WORK REQUEST ->
Could you retype the whole listing word for word and drop the images?

INFORMATION SHOWN ->
^^^^
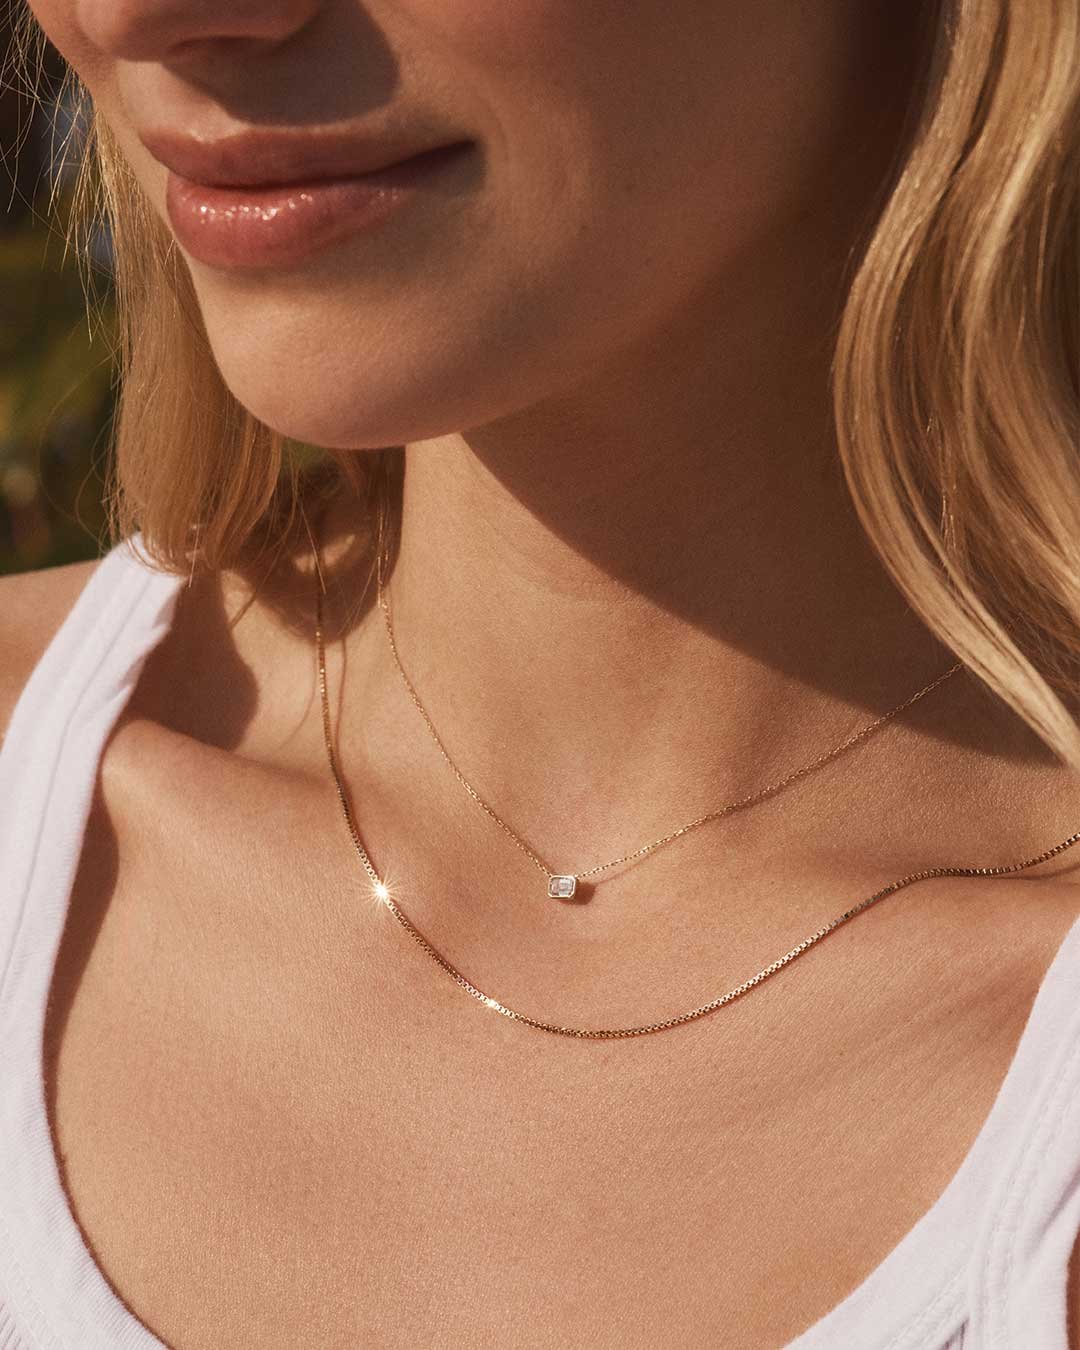 Woman wearing diamond pendant and gold chain necklace
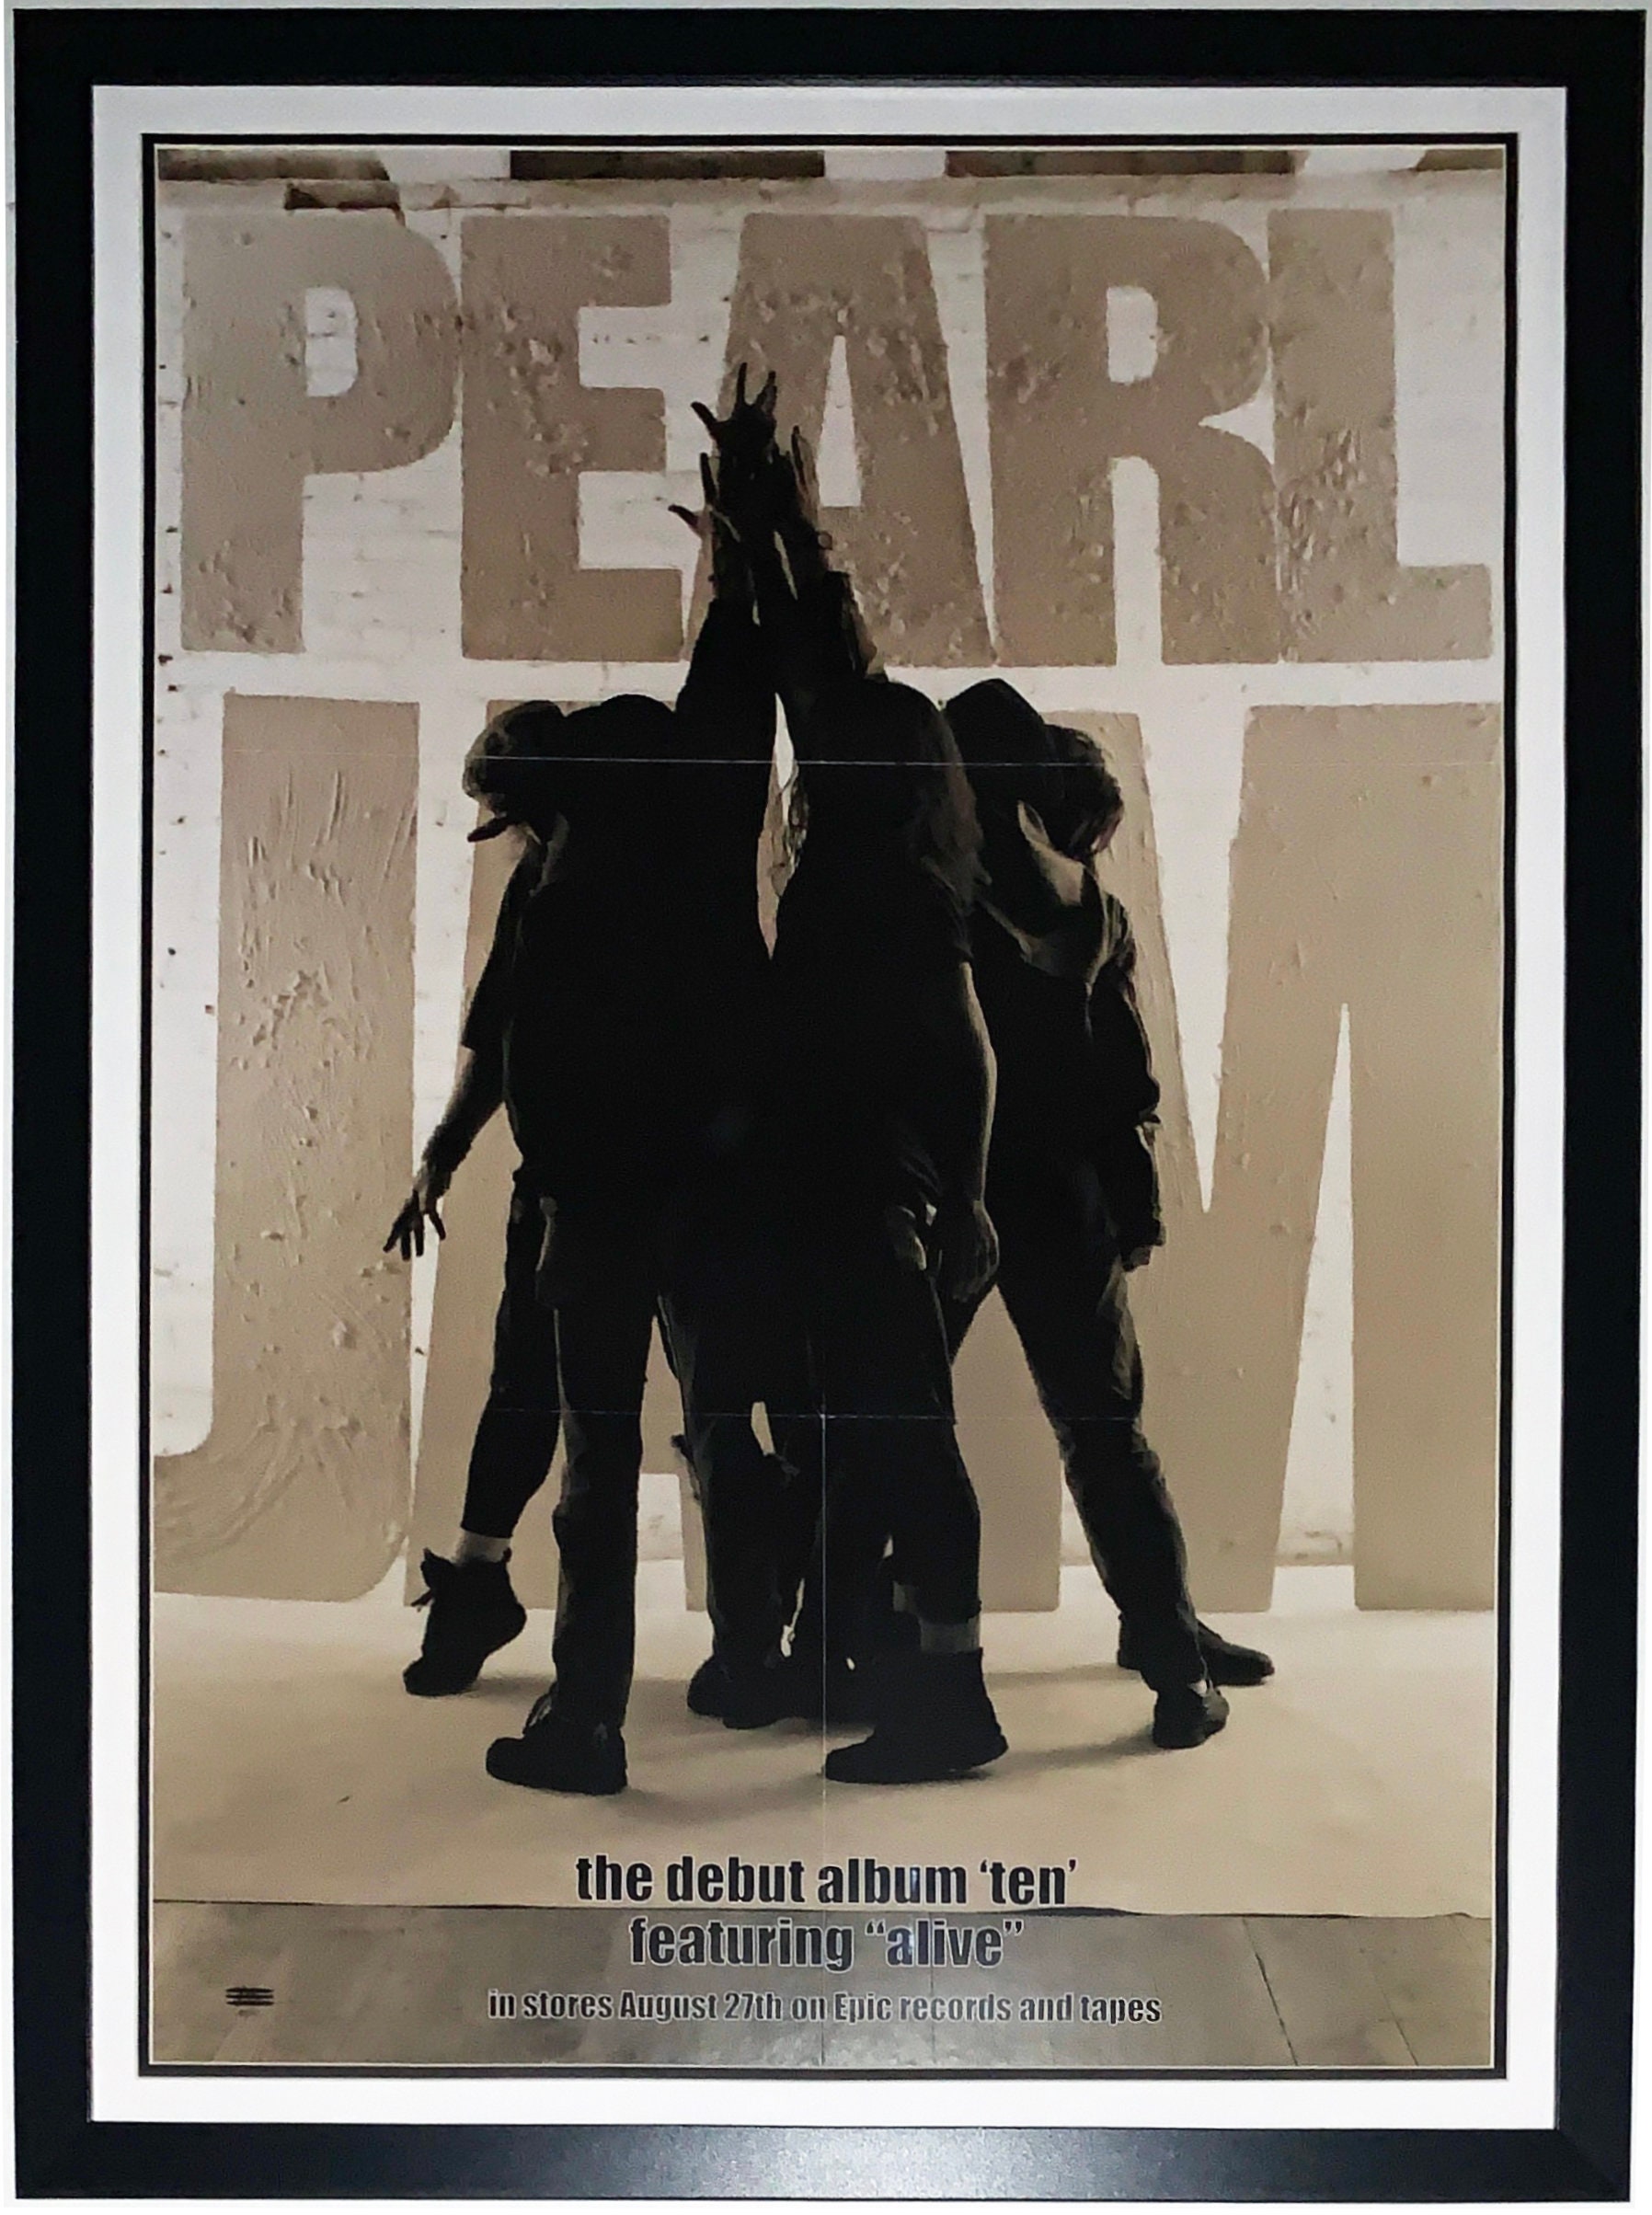 Pearl Jam Poster Collection
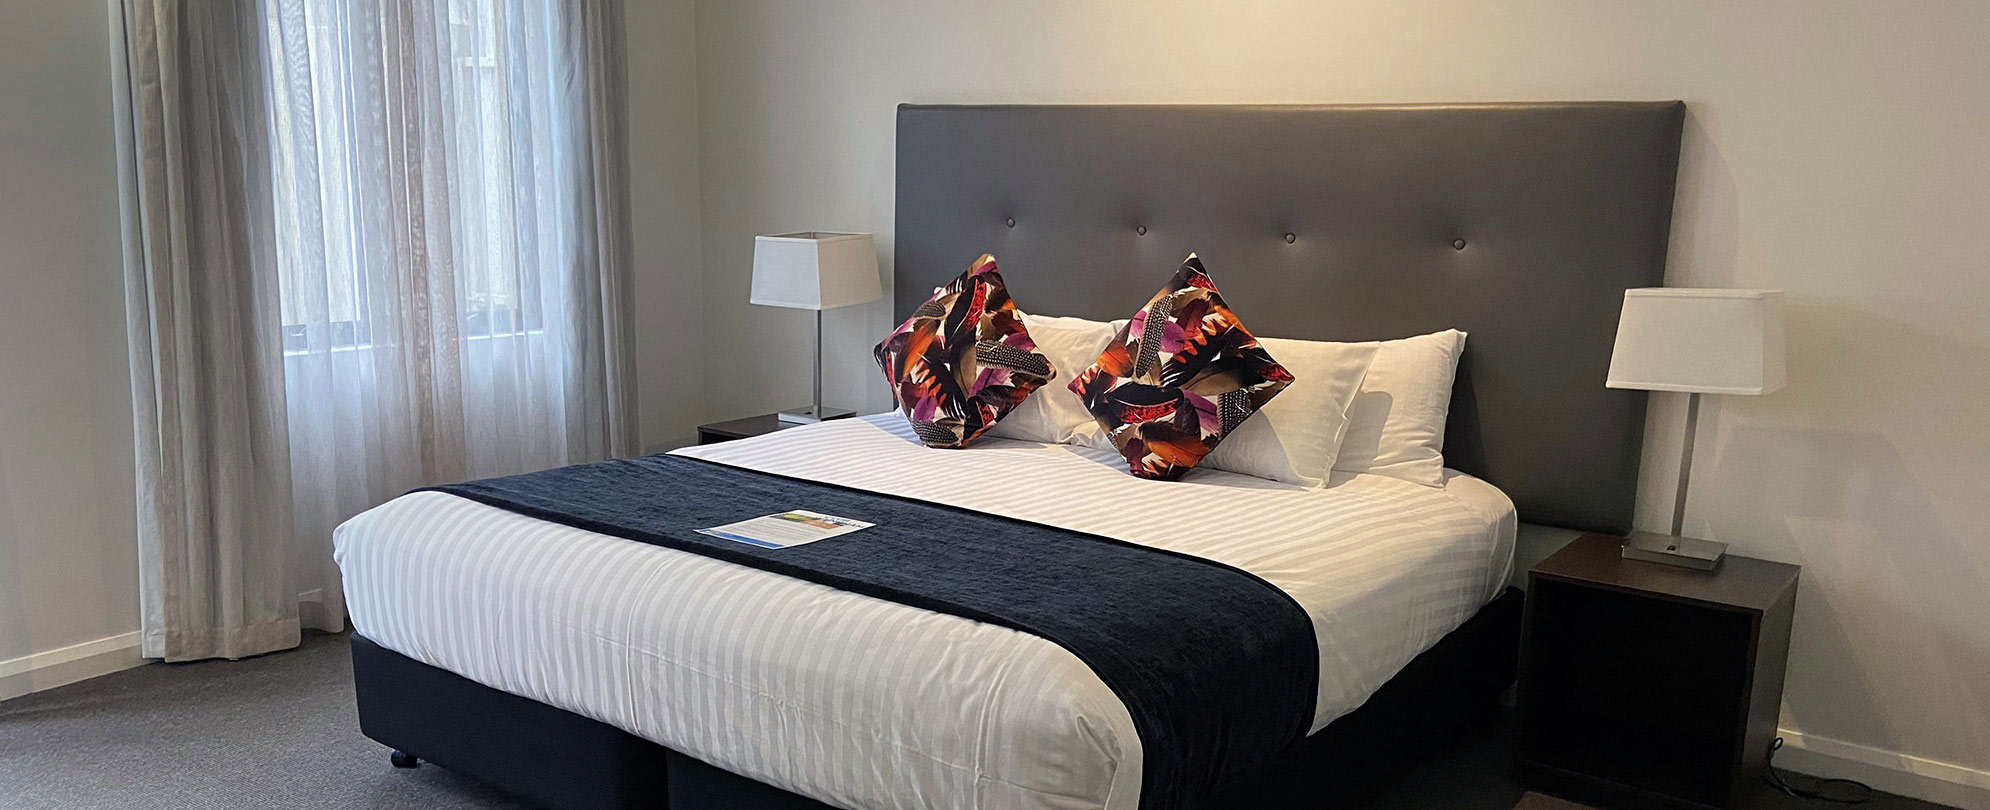 A king-sized bed neatly made inside a suite at Club Wyndham Perth.
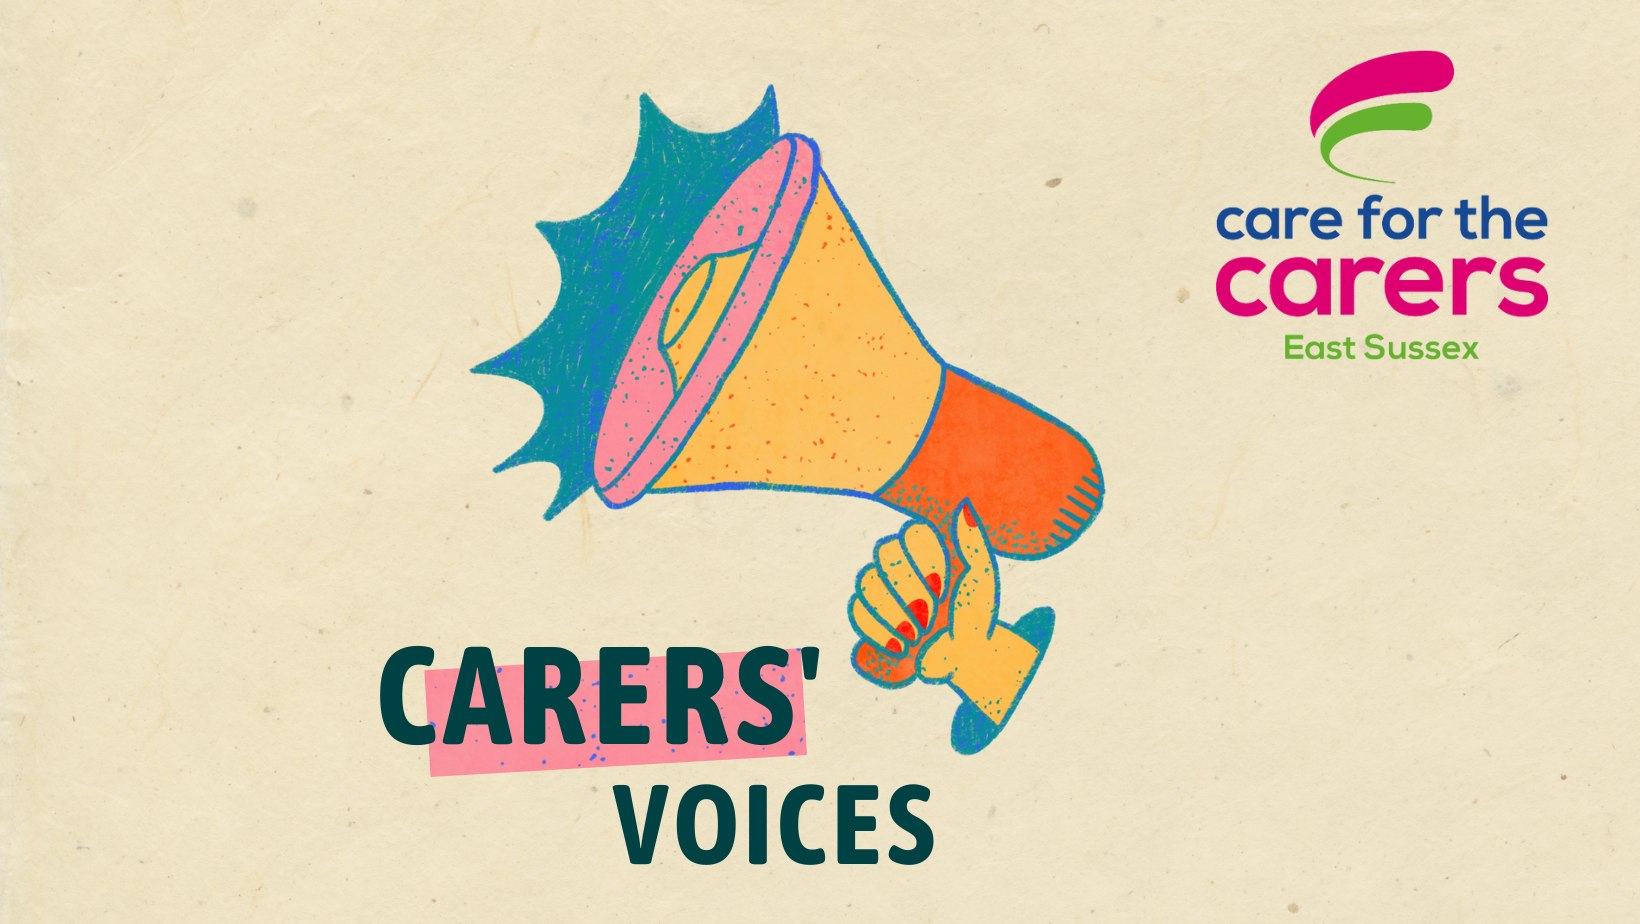 A hand holding a yellow and orange megaphone. Underneath it are the words 'Carers' Voices'. The Care for the Carers logo is in the top right corner.
^^^^
EXPECTED ANSWER ->
 Woman wearing diamond pendant and gold chain necklace
 Pearl Jam Poster Collection
 A king-sized bed neatly made inside a suite at Club Wyndham Perth.
 A hand holding a yellow and orange megaphone. Underneath it are the words 'Carers' Voices'. The Care for the Carers logo is in the top right corner.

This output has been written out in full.